Mulesoft + WSO2 Identity Server SAML SSO
Introduction
In this article, I am going to explore how to configure SAML SSO between the Anypoint Platform and WSO2 Identity Server.
Necessary Softwares
You will need the below software for this demo:
- An Anypoint Platform account
- WSO2 Identity Server (https://wso2.com/identity-server/#)
- SAML Tracer plugin (Firefox/Chrome)
Article Division
I will divide the article into the below sections:
Configure WSO2 Identity Server
Configure Anypoint Platform
SAML debugging
Conclusion
Configure WSO2 Identity Server
Download & Run
WSO2 Identity Server is an Open Source free product (I am a former employee of WSO2). You can download it from the link. I have chosen the 5.11.0 version.
I have downloaded the zip version of the product. Extract the product and navigate to the bin directory.
wso2is-5.11.0/bin
Execute the below shell script:
sh wso2server.sh
And done. It will take some time and the WSO2 Identity Server will be up & running.
Create a user in the WSO2 Identity Server
Browse the following link, https://localhost:9443/carbon/
Username: admin
Password: admin
Click Users and Roles → Add → Add New User
Provide Username & Password:
Select a Role for the user. It's related to the WSO2 Identity Server and don't worry about it at this moment.
Click Finish and you are done. Now you can list the users.
Now, click the User Profile link at the rightmost corner of the user created. Fill up this form with some dummy data.
For the sake of simplicity take note of the Country field. We will use this field to send the Group to map in the Anypoint Platform. But, in the real-life scenario, we can add custom claims for it and that's out of the scope of this article.
For now, let's fill Mule_Admin in the Country field. Let's assume that the user belongs to this group.

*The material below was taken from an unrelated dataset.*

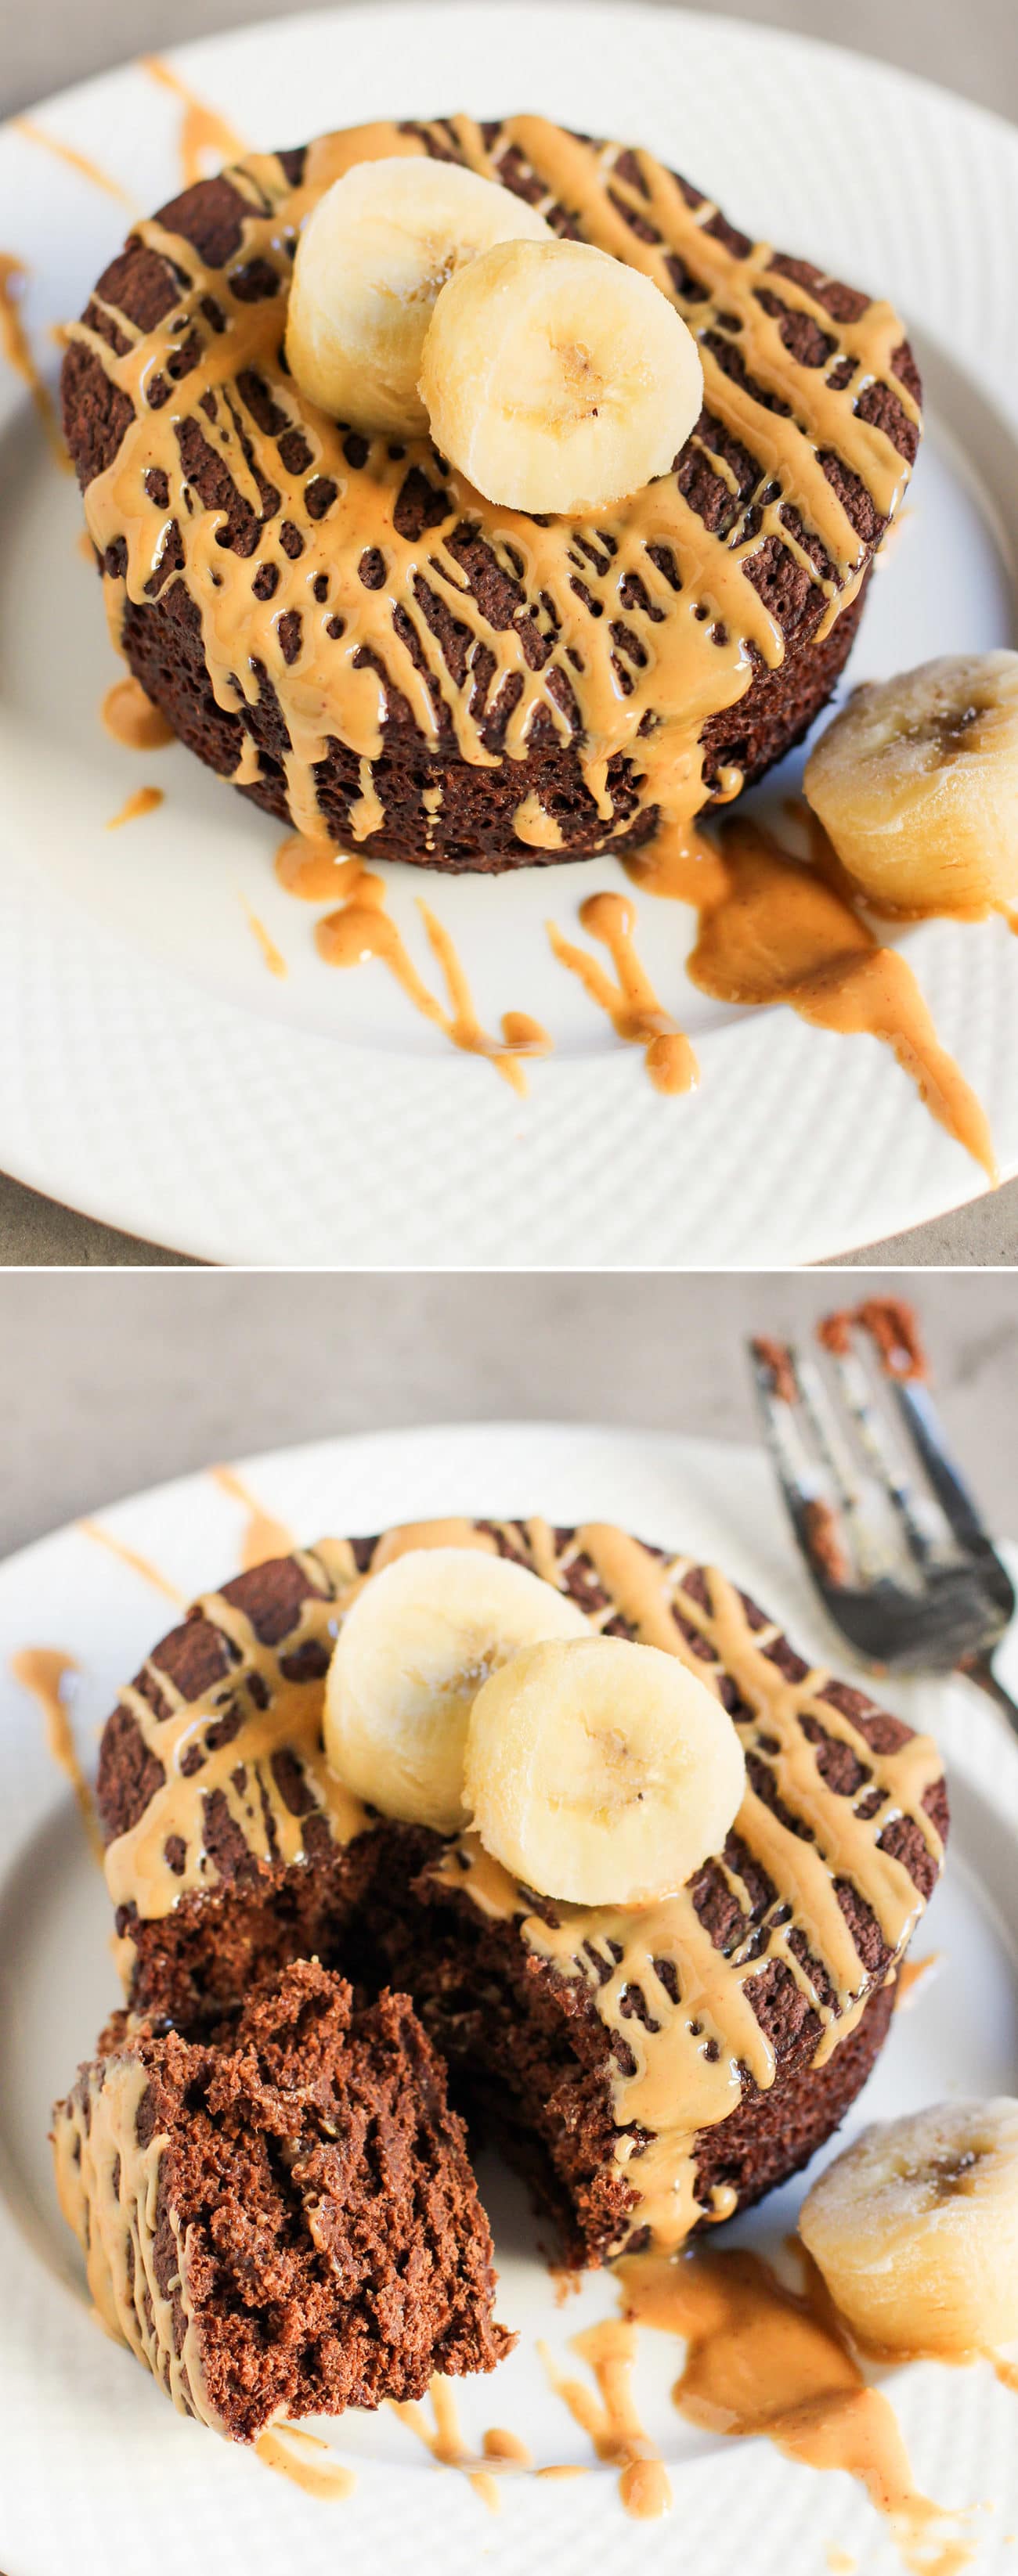 5-Minute Healthy Single-Serving Chocolate Peanut Butter Banana Microwave Cake (refined sugar free, high protein, high fiber, gluten free, vegan) -- Healthy Dessert Recipes at the Desserts With Benefits Blog

Update and done.
Configure Service Provider in WSO2
Click Service Providers → Add
Give it some name (e.g mule-sp) and click Register. You will land on this next page:
Click Inbound Authentication Configuration → SAML Web SSO Configuration → Configure
Fill out this form as shown below:
For Assertion Consumer URLs, add any URL at this moment. We will change it later.
Fill in the later part of the form as shown below,
Enable Attribute Profile → Include Attributes in the Response Always is important.
Register and done.
Click the Download IDO Metadata button and it will download the necessary metadata to configure in Anypoint Platform.
Claim Configuration
This is the most important part. You must send some necessary attributes/claims of the user to the Anypoint Platform for SSO. In the service provider created expand the Claim Configuration section:
Click Define Custom Claim Dialect → Add Claim URI and add/map the below claims:
Below are things that happened here:
I have mapped the country attribute/claim of the user to ROLE claim of the SP.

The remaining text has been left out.